SUPPLIED DATA -
──────

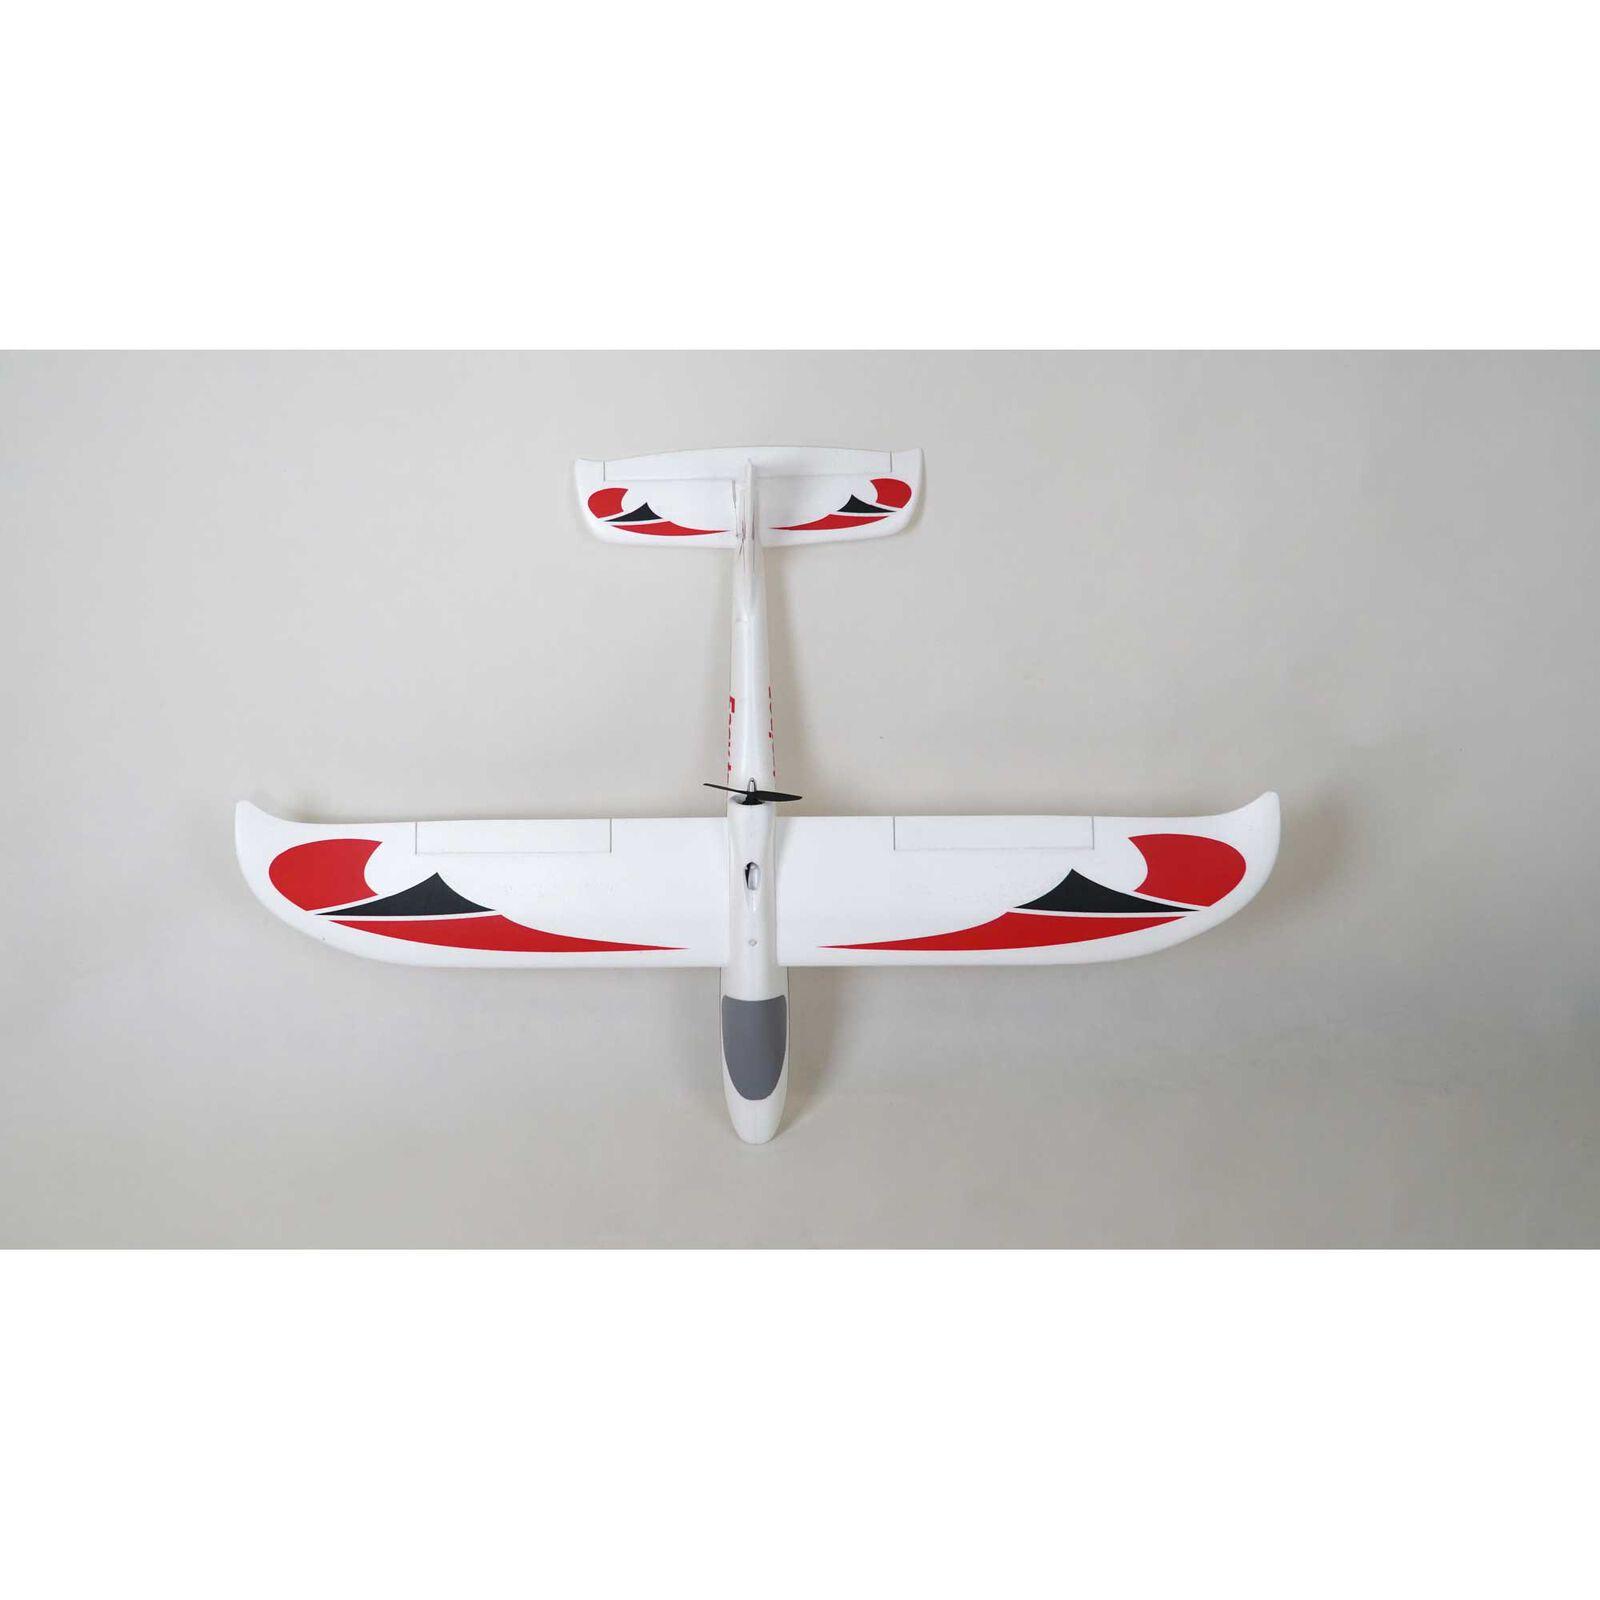 Easy Trainer 1280 V2 PNP
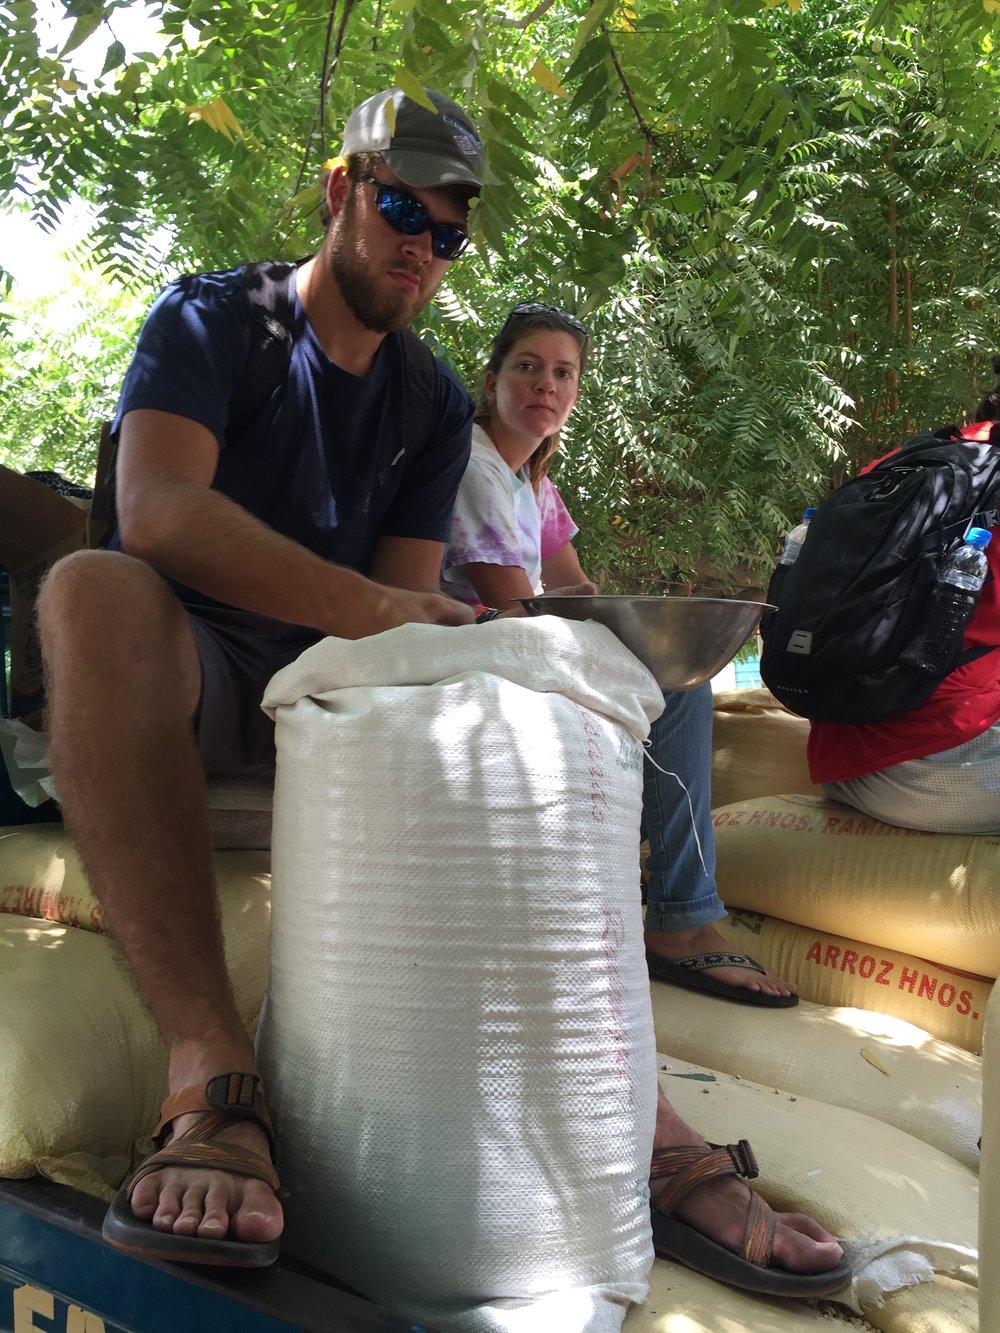 The Dominican Republic - Hayden Sistrunk preparing feed sack in the Dominican Republic.
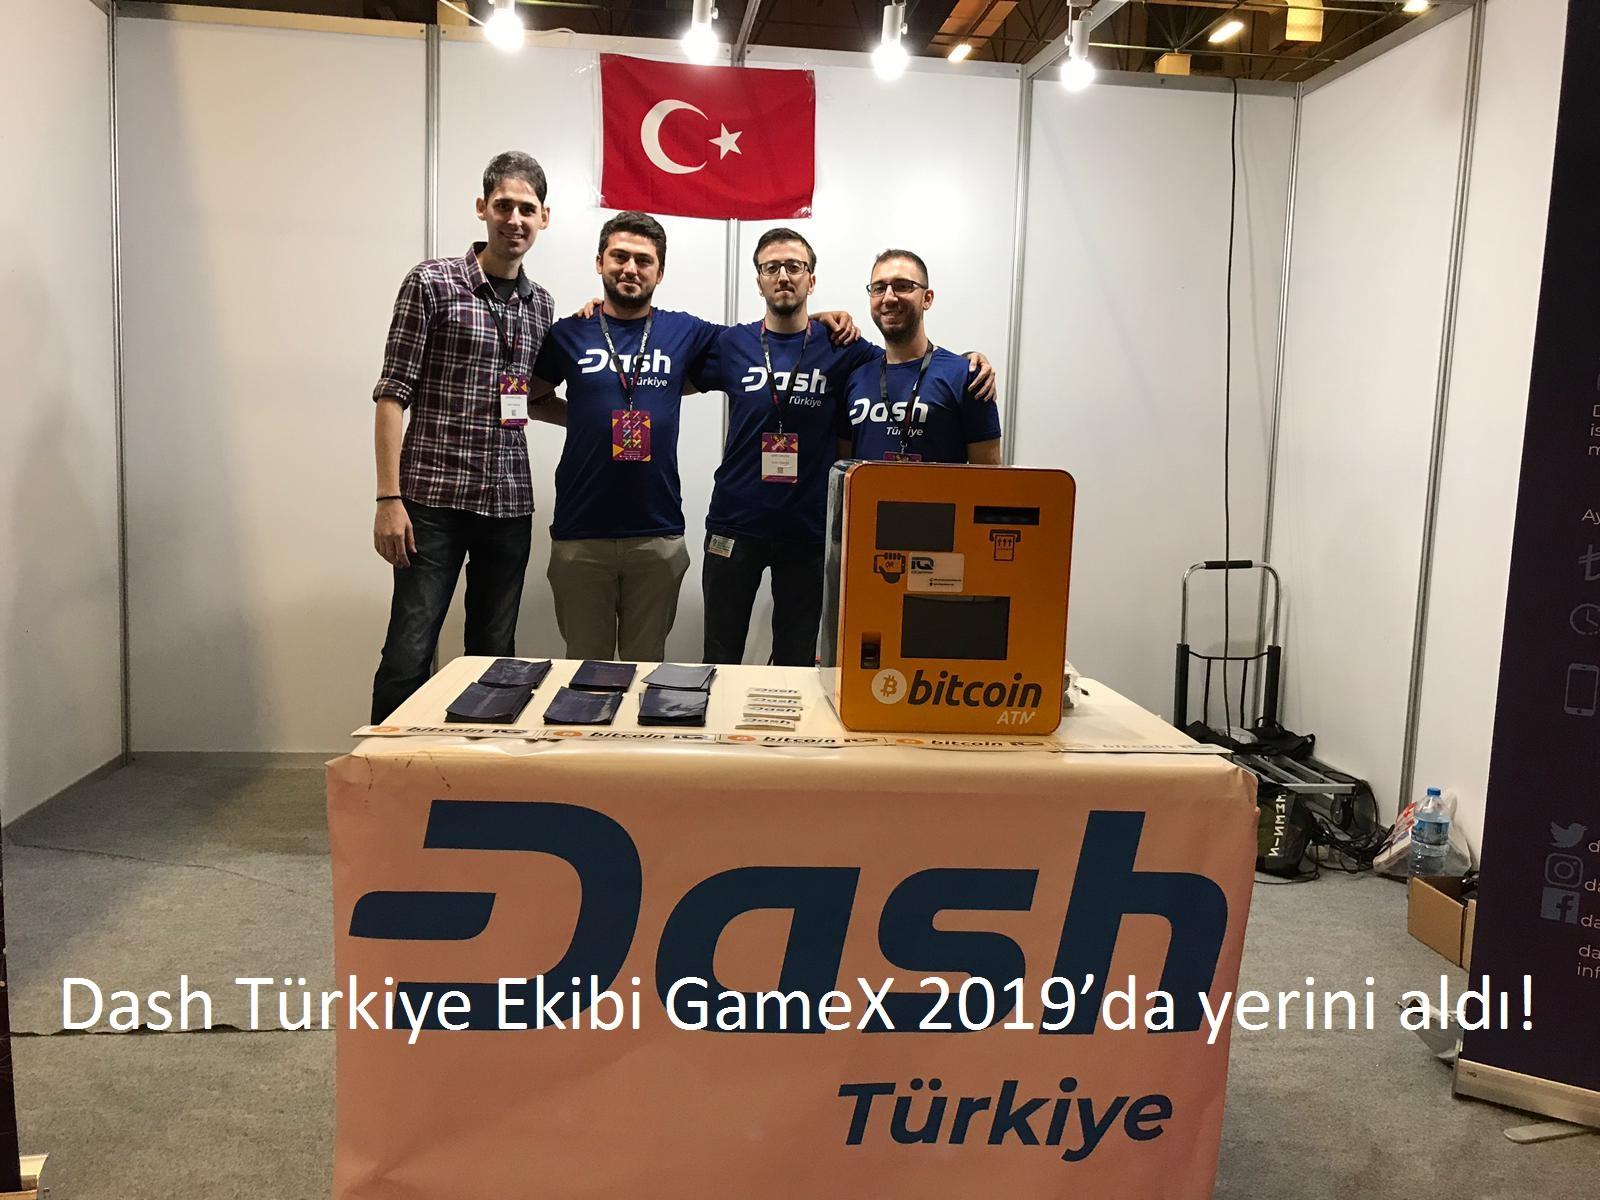 tekirdağ Dash Türkiye Ekibi GameX 2019'da yerini aldı!
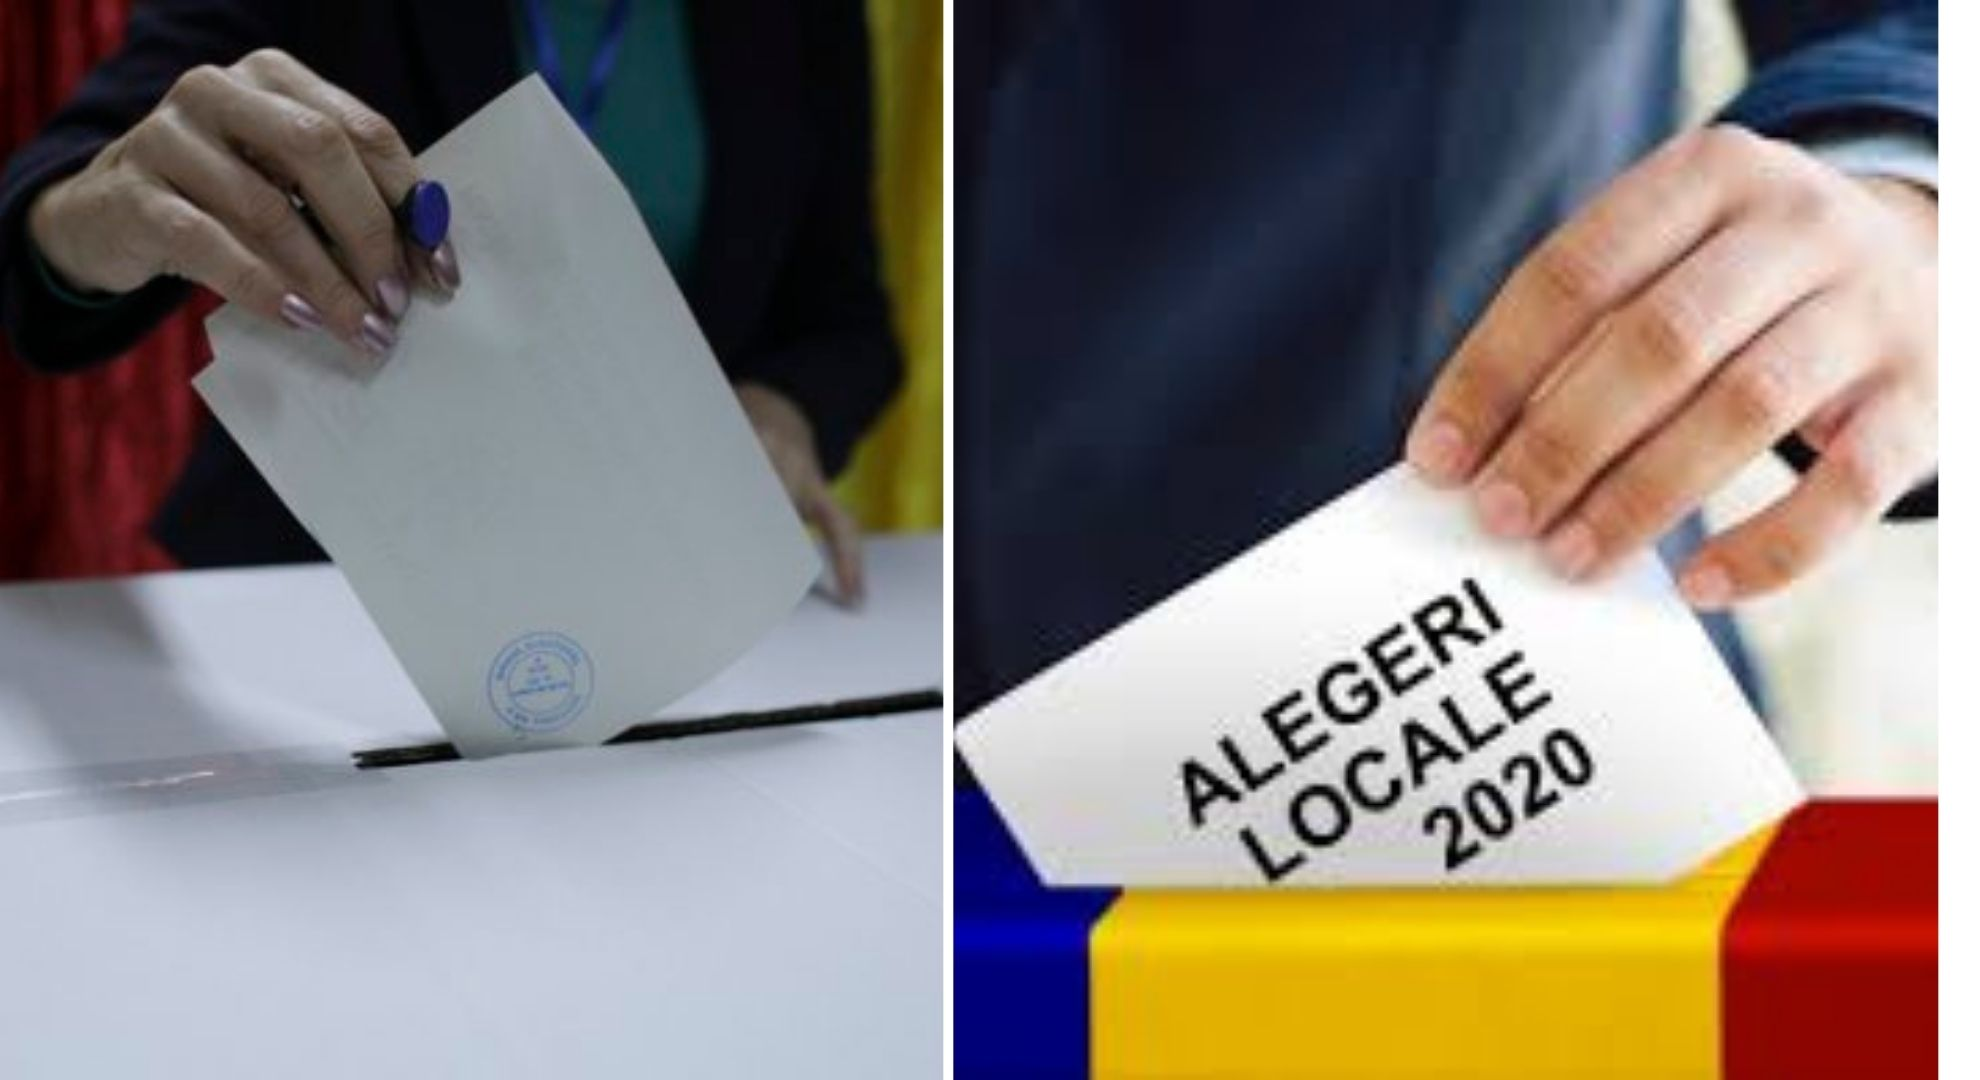 Alegeri locale 2020. Ce se întâmplă cu cei care ajung la vot și au temperatură mare

──────

TASK ITEM -
Keeping pictures out, repeat exactly the lines from the one containing "The Dominican Republic - Hayden" through the end of the listing.

EXERCISE OUTPUT -
 The Dominican Republic - Hayden Sistrunk preparing feed sack in the Dominican Republic.
 tekirdağ Dash Türkiye Ekibi GameX 2019'da yerini aldı!
 Alegeri locale 2020. Ce se întâmplă cu cei care ajung la vot și au temperatură mare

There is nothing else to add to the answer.